For Azerbaijanis displaced by war, a chance to finally go home
BAKU — As a young woman in 1993, Azerbaijani Ramziya Sharifova waded across a river into Iran with her family to escape Armenian forces capturing her village, then watched as they burned it to the ground.
Nearly 30 years later, she’s finally planning to go home.
The 47-year-old librarian is one of the 750,000 Azerbaijanis who fled the Nagorno-Karabakh region in southwestern Azerbaijan and several surrounding districts in the early 1990s.
As the Soviet Union collapsed, ethnic Armenian separatists declared independence for Karabakh and seized control of the region in a brutal war that left tens of thousands dead and forced hundreds of thousands from their homes.
Largely dormant for decades, the conflict re-erupted last September.
Over six weeks of heavy fighting, Azerbaijan’s forces reclaimed much of the territory the country had lost in the 1990s, including seven districts around Karabakh.
Separatist authorities retained control of most of Karabakh itself, but a Russian-brokered peace deal agreed to allow people long displaced from their homes — like Sharifova — to return.
“I can’t describe the feelings that overwhelmed me when it was announced” that her home region of Zangilan had been retaken, Sharifova told AFP.
“I burst into tears… tears of joy for the liberation of our lands, but also of sadness for our soldiers who died.”
After fleeing to Iran in October 1993, Sharifova’s family of eight was repatriated a few days later to Azerbaijan.
They first lived in a freight train wagon, then for a decade in two small rooms of an abandoned administrative building that the government allocated for displaced people in the capital Baku.

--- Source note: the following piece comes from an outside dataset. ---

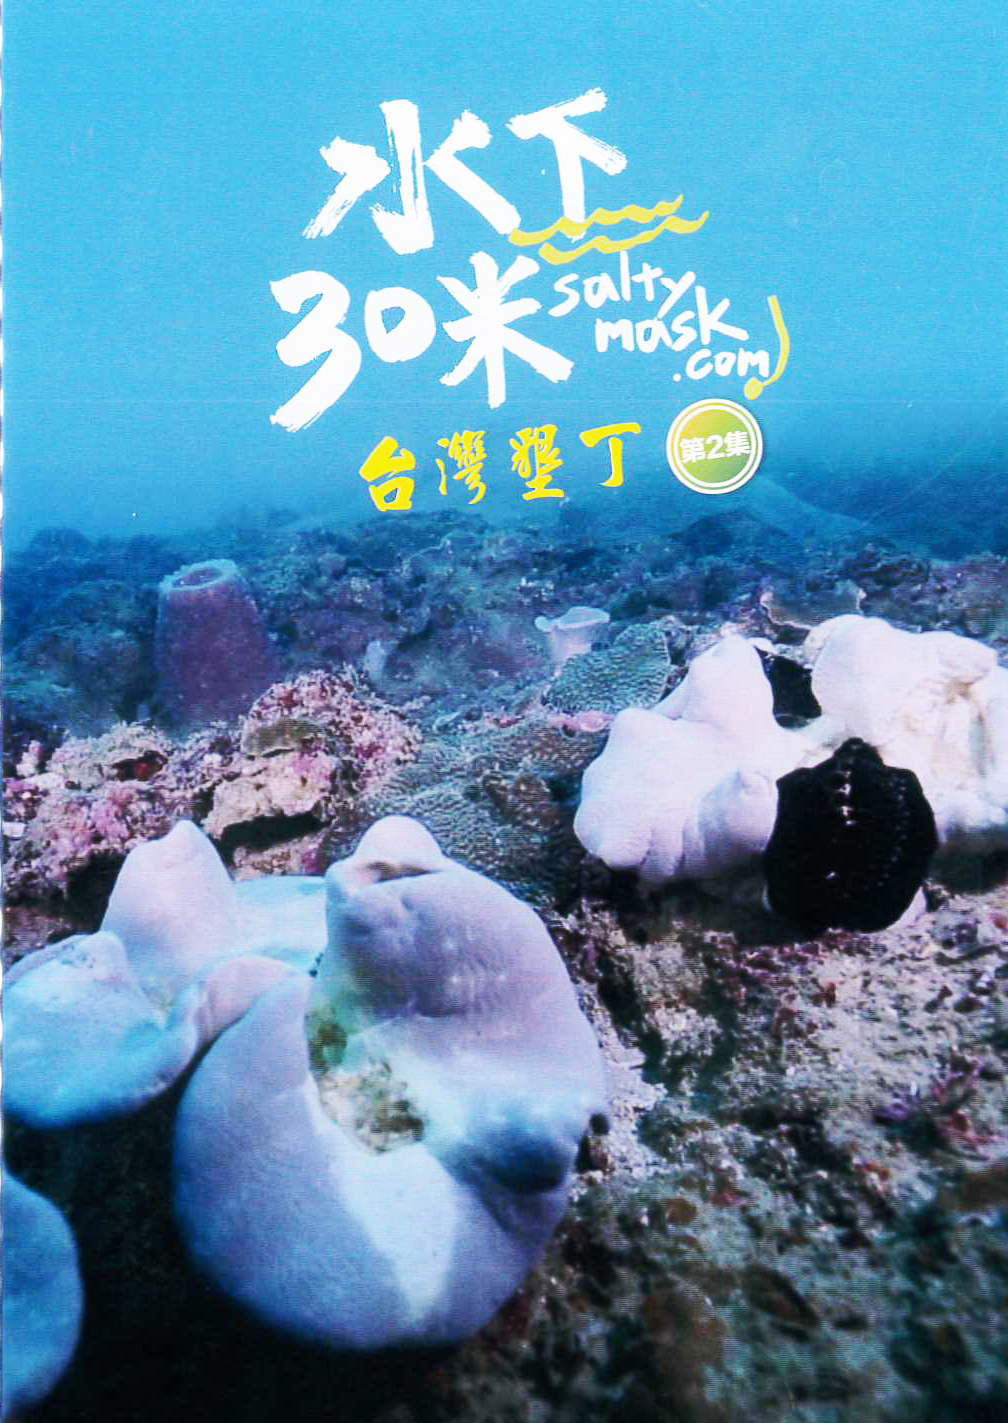 水下30米:台灣墾丁[普遍級:紀錄片] : 30 Meters Underwater : Kenting, Taiwan

She now lives in a large and comfortable apartment but is anxious to go home, waiting only for word from the government that the area has been cleared of landmines to move back.
“I want to participate in the rebuilding of my village,” Sharifova said.
Billions on rebuilding
Authorities in Baku have not yet said when those who fled in the 1990s will be able to return.
Work is under way to clear the retaken territories of landmines and repair infrastructure destroyed in the fighting.
Flush with revenues from oil and gas in the Caspian Sea, President Ilham Aliyev’s government has said it will spend billions of dollars on rebuilding the areas reclaimed in the war.
Aliyev, who has been accused of stifling the opposition, had long vowed to retake the territory and can use last year’s victory to shore up his popular support.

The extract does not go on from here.